To the Editor: A 13-y-old girl presented with history of 7 d fever, chest pain, breathing difficulty, and multiple episodes of vomiting with one episode of syncope. There was a history of a family member who recovered from COVID one month back.

On examination patient had tachycardia, tachypnea, elevated JVP, muffled heart sounds, and was in compensated shock.

ECG revealed tachycardia with short complexes. Radiograph of the chest showed enlarged cardiac silhouette with normal lung fields. Echocardiography showed massive pericardial effusion, and 920 cc of serosanguinous fluid was removed.

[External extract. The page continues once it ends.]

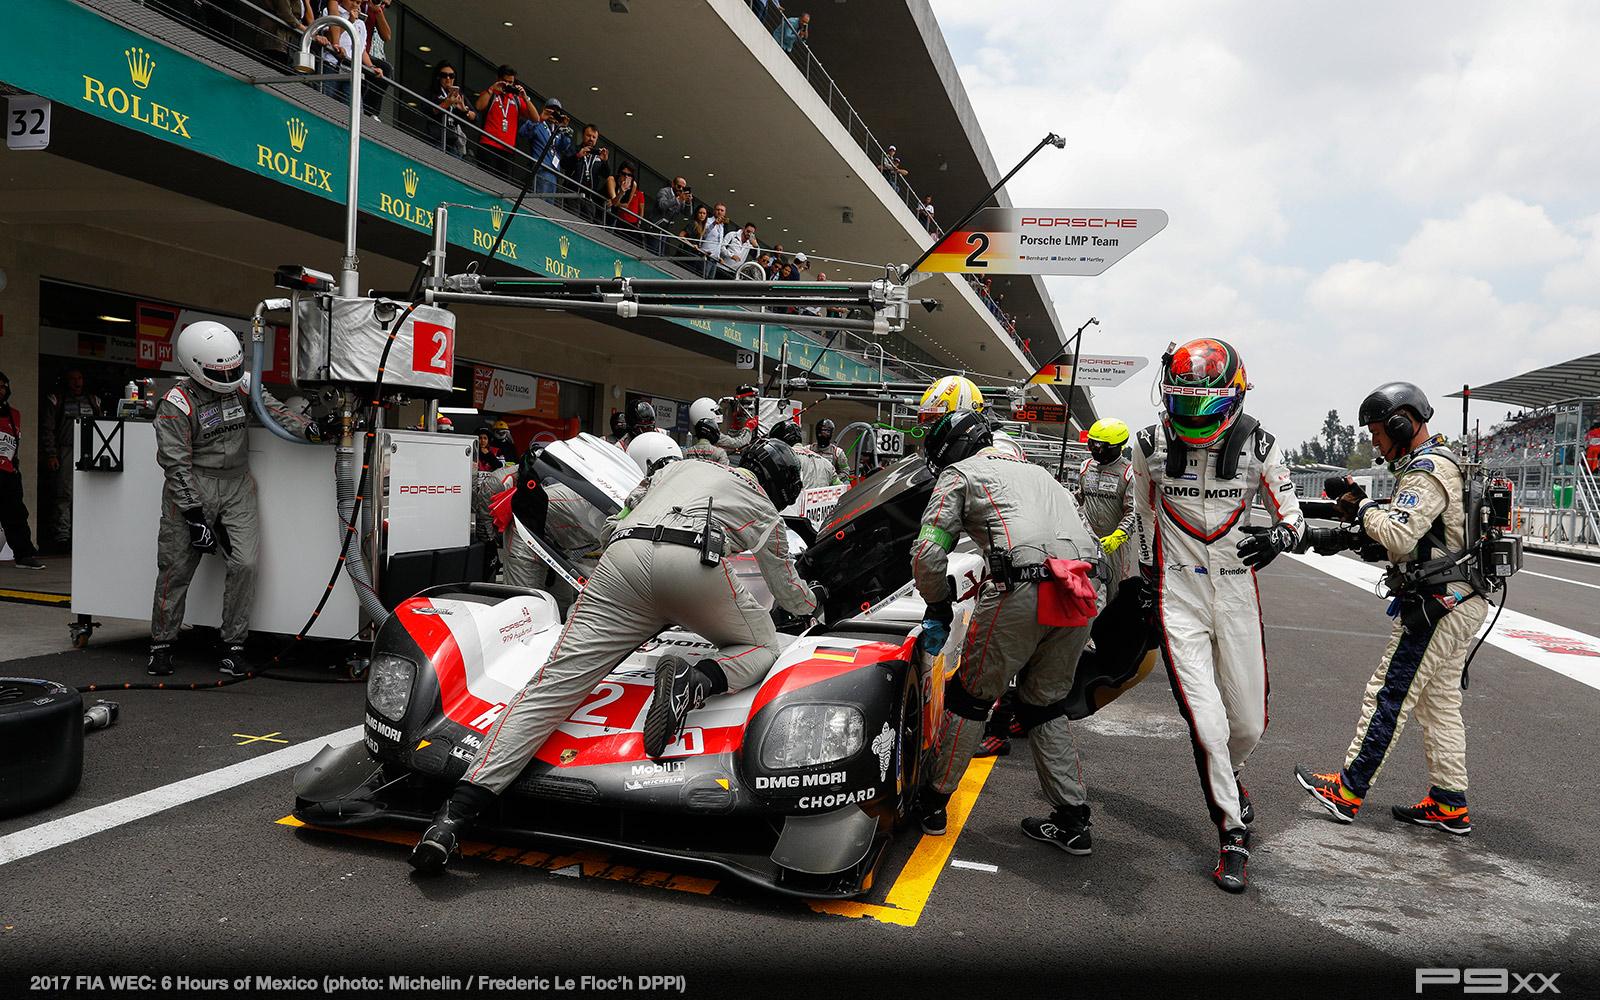 2017-FIA-WEC-6-HOURS-MEXICO-PORSCHE-exico_FLF_02117008_522261253
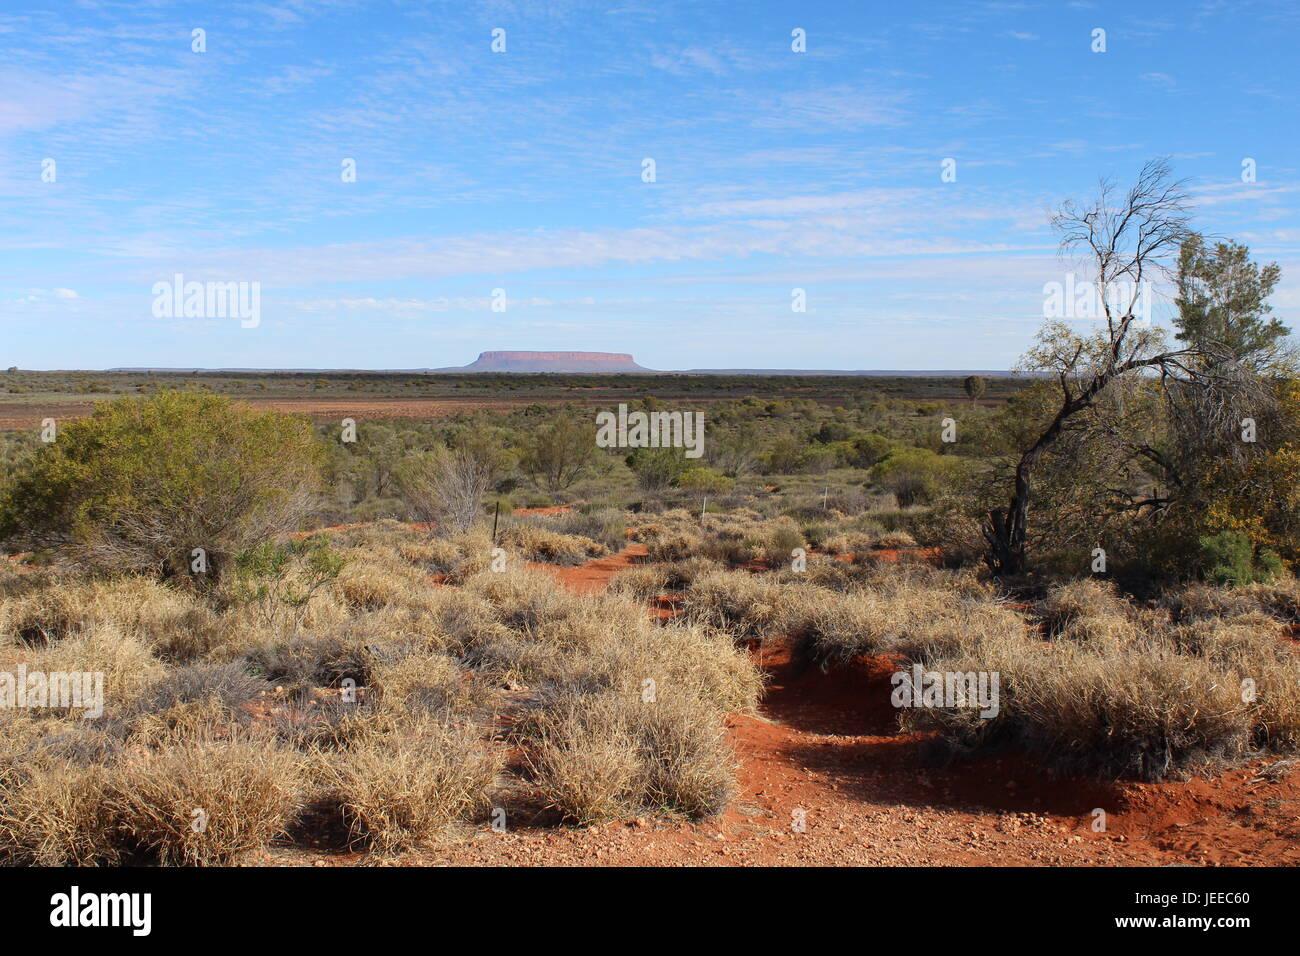 Ein Blick aus einiger Entfernung auf Mount Conner im Outback des Northern Territory in Australien Stockfoto

Inflammatory markers were raised (elevated D-dimer and CRP) with positive COVID antibody titer (IgM and IgG). Pt managed with IV immunoglobulin, methyl prednisolone, and aspirin.

Pericardial fluid study was suggestive of tubercular in origin 151 cells with lymphocytic predominance, raised proteins (8 g/dL) with positive adenosine deaminase and CBNAAT showed MTB with rifampicin sensitivity. The patient discharged on antitubercular medications and oral steroids. Follow-up echo showed normal cardiac functions.

COVID-19 in children is usually mild or asymptomatic. Children account for 1%–5% of the diagnosed cases and have overall good prognosis [1]. Cardiac involvement is found in a high proportion of these patients, including ventricular dysfunction, coronary artery dilation or aneurysm, and arrhythmias [2]..Raymond et al. have reported a case of pediatric cardiac tamponade due to pericardial effusion; however, the authors were uncertain about active COVID infection versus MIS-C [3].

The possibility of MIS-C was entertained as the patient was fulfilling all the criteria as per WHO. The presentation with tamponade was likely to be caused by the development of MIS-C in a dormant tubercular infection leading to flare up. There is no conclusive evidence yet to establish that COVID-19 can directly trigger an increase in tuberculosis, yet TB cases have indeed been going up and more data in this regard is the need of the hour.